Macroscopic band width inequalities

TL;DR

This paper establishes new band width inequalities for Riemannian manifolds with specific topological properties, introducing the concept of filling enlargeable manifolds and linking geometric bounds to topological invariants.

Contribution

It introduces the class of filling enlargeable manifolds and proves band width inequalities based on volume conditions in the universal cover.

Findings

Filling enlargeable manifolds satisfy specific width bounds.

Enlargeable and aspherical manifolds are filling enlargeable.

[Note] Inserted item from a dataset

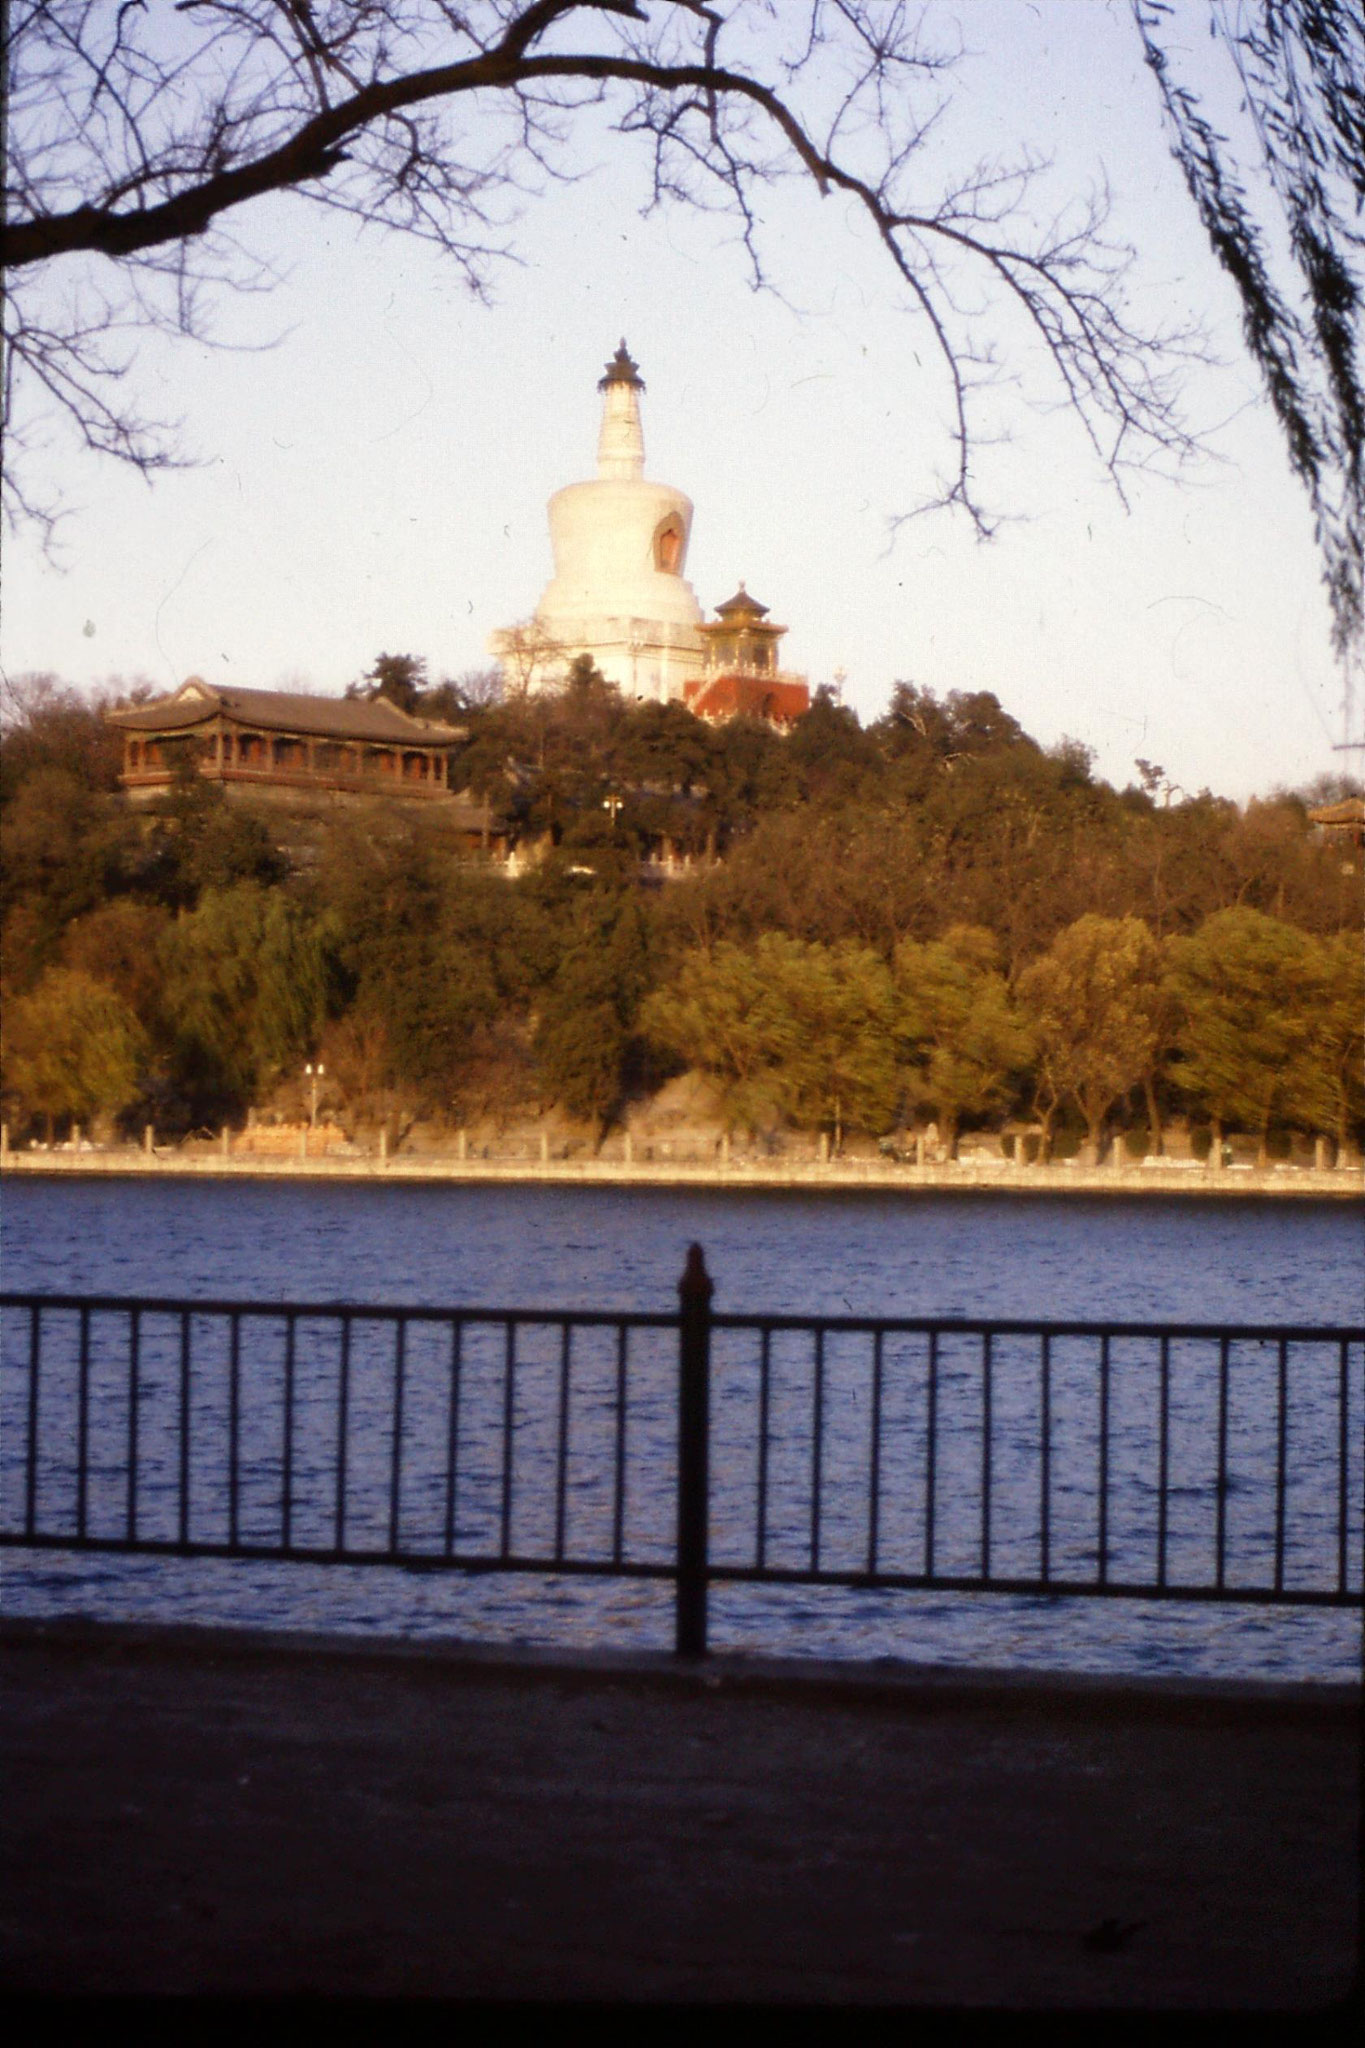 26/11/1988: 8:Beihai Park

Width bounds depend on the volume of unit balls in the universal cover.

Abstract

Inspired by Gromov's work on 'Metric inequalities with scalar curvature' we establish band width inequalities for Riemannian bands of the form $(V=M\times[0,1],g)$, where $M^{n-1}$ is a closed manifold. We introduce a new class of orientable manifolds we call filling enlargeable and prove: If $M$ is filling enlargeable and all unit balls in the universal cover of $(V,g)$ have volume less than a constant $\frac{1}{2}\varepsilon_n$, then $width(V,g)\leq1$. We show that if a closed orientable manifold is enlargeable or aspherical, then it is filling enlargeable. Furthermore we establish that whether a closed orientable manifold is filling enlargeable or not only depends on the image of the fundamental class under the classifying map of the universal cover.